In summary, this study presents the first estimates of heterogeneous displacements and stress–strain fields in sheared and focally-adhered endothelial cells. These heterogeneous stress responses are due to the inclusion in the model of distributed attachment locations (i.e. FAs) and cellular components with different elastic moduli. The location and directions of upstream tensile and downstream compressive stresses computed in the vicinity of individual FAs were consistent with the observation of FA growth in the downstream direction of flow and FA retraction in the upstream side, thus providing needed quantitative information to elucidate mechanisms of mechanotaxis of ECs.12, 33, 56Further work is necessary to extract stresses from individual FAs and to precisely compute forces on integrin-extracellular matrix bonds to evaluate integrin-mediated force sensing. If such modeling methods are followed by cellular probing for physiological changes and molecular signaling events on the same cells, direct correlations could be made between sub-cellular stresses and signaling (i.e. cell-specific mechanotransduction) to assess which structures are the dominant mechanotransducers under physiological and pathophysiological conditions. Elucidating molecular mechanisms of alterations in EC phenotypes from atheroprotective to atherogenic in response to prevailing wall shear stress is an important component of the development of therapeutic interventions in vascular disease.
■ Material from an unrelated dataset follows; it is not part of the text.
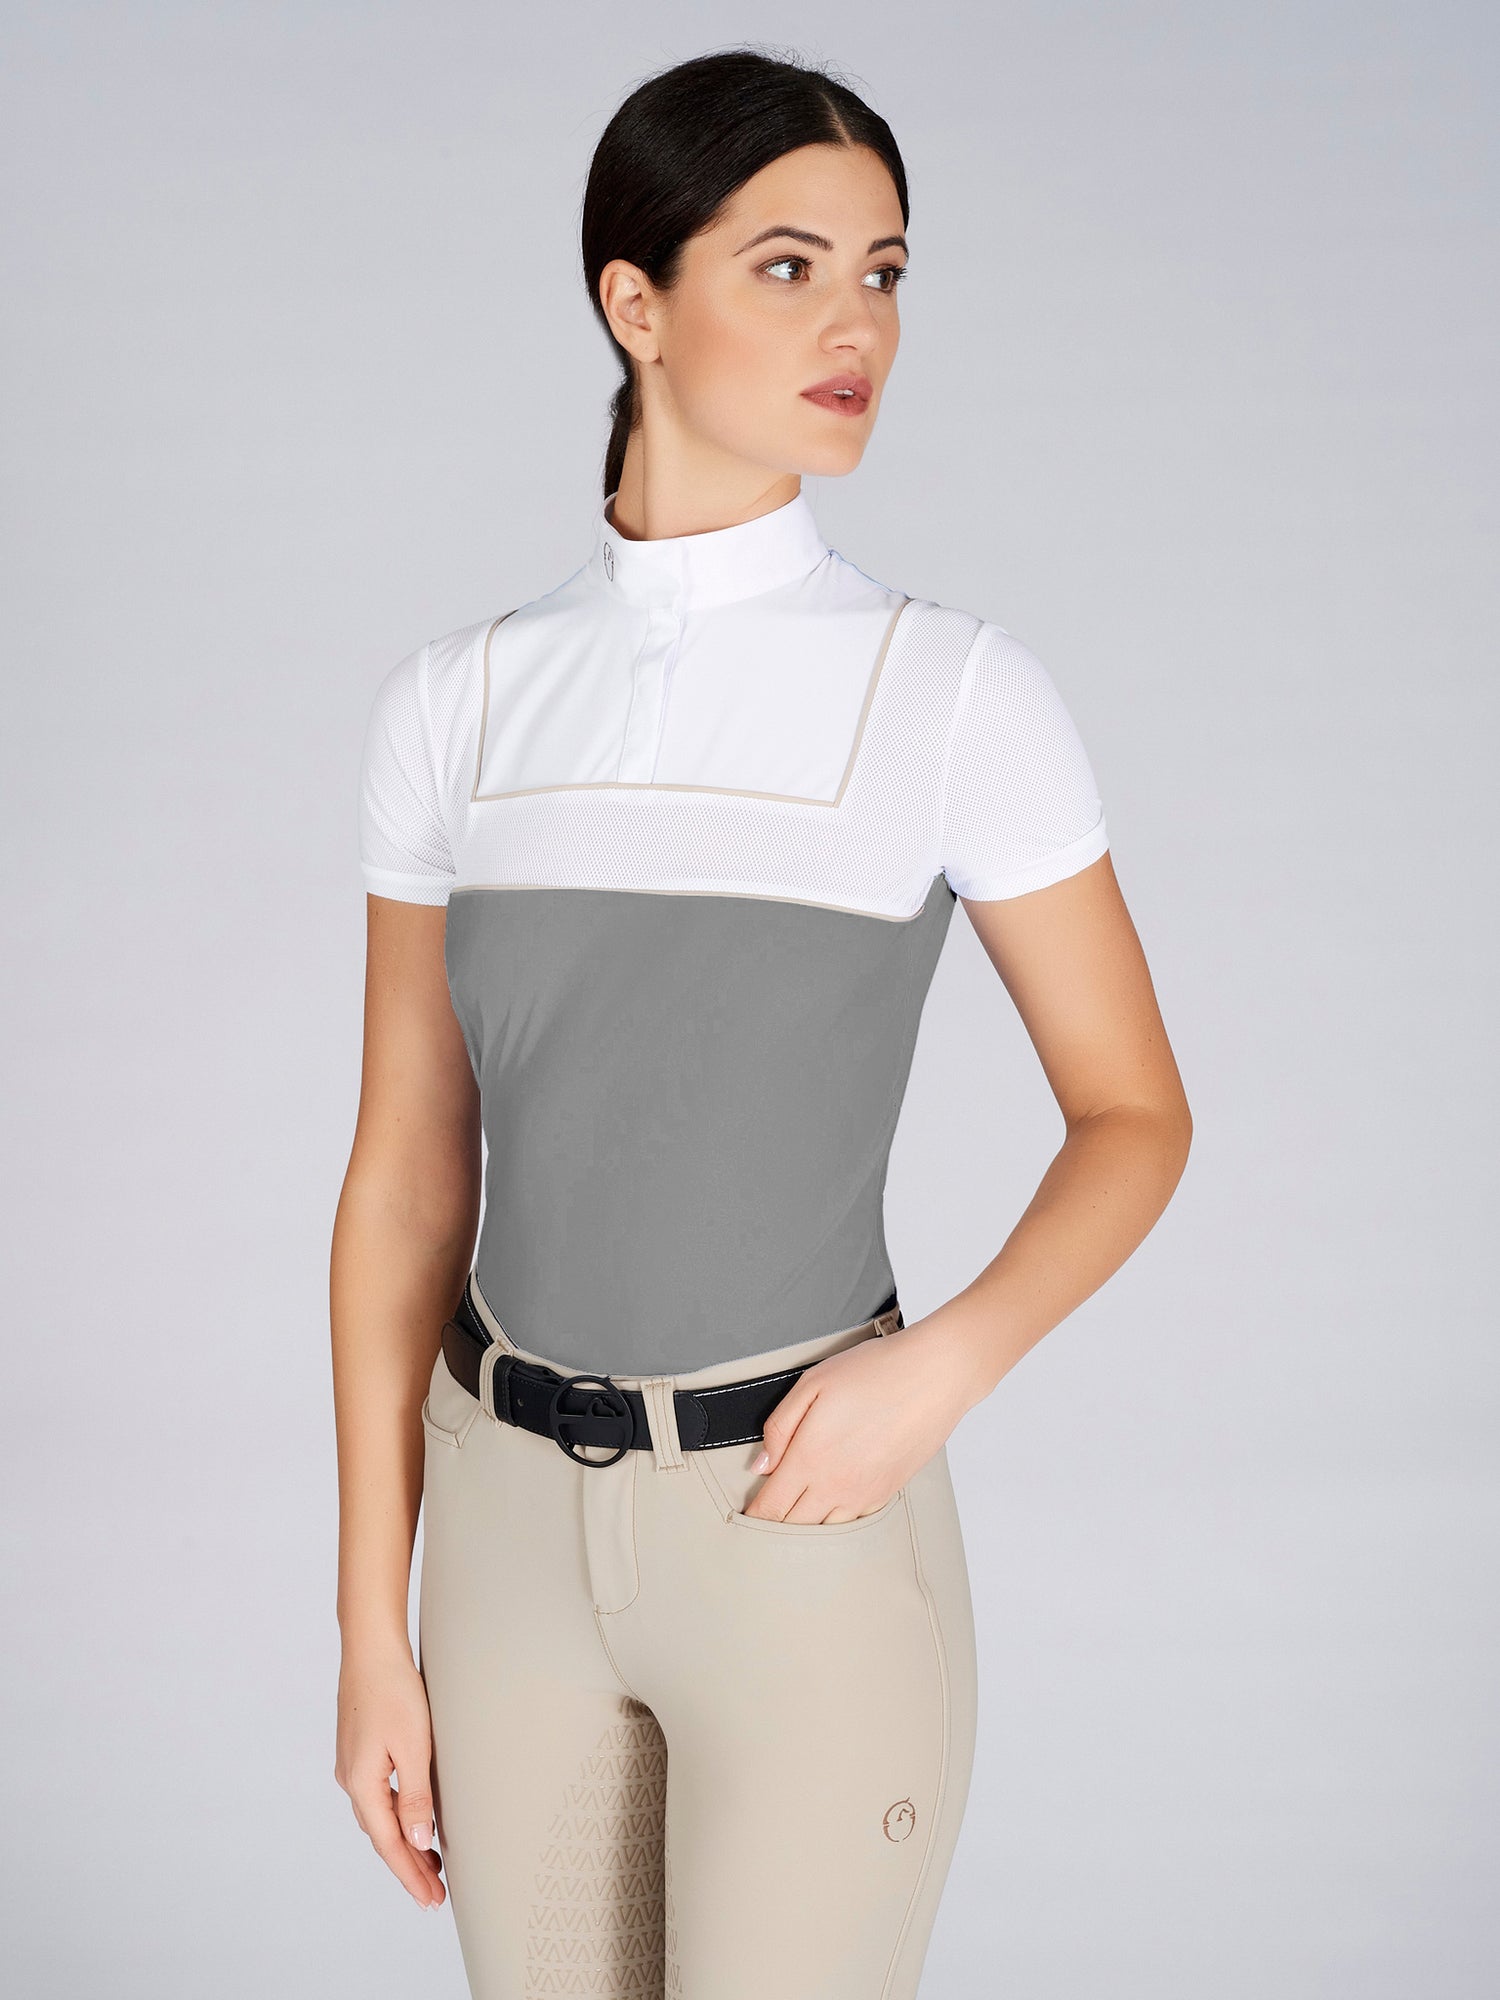 The Vestrum Bellaria Sage Show Shirt is stunning. The shirt is made from a luxury bi stretch jersey. The mesh insert in on stage sleeve and chest giving a modern twist. Beige piping insert to finish the look.  Coordinate with Vestrum beige and sage breeches and Canberra Navy jacket.

In order to determine the precise molecular mechanisms which couple force and biochemical signaling in ECs, it is useful to combine engineering analysis of intact endothelial cells with real-time experimental readouts of the same cell using comparable spatial and temporal scales; in other words, cell-specific models constructed from accurate input parameters of cell topographies and boundary conditions followed by micron-scale interrogation of molecular changes in areas of stress or strain focusing. Such analysis would lead to direct, same-cell correlation of experimental measurements and stress distributions. While atomic force microscopy (AFM) and electron microscopy (EM) can yield ultra-high-resolution topographies for solid models, fluorescence microscopy can yield high-resolution images of surface and internal cellular features of viable cells. In addition to yielding insight into the role of surface topography, nuclei, and FAs in shear-induced stress distributions, these methodologies set the stage for cell-specific modeling and experimentation to elucidate the fundamental mechanisms of mechanotransduction.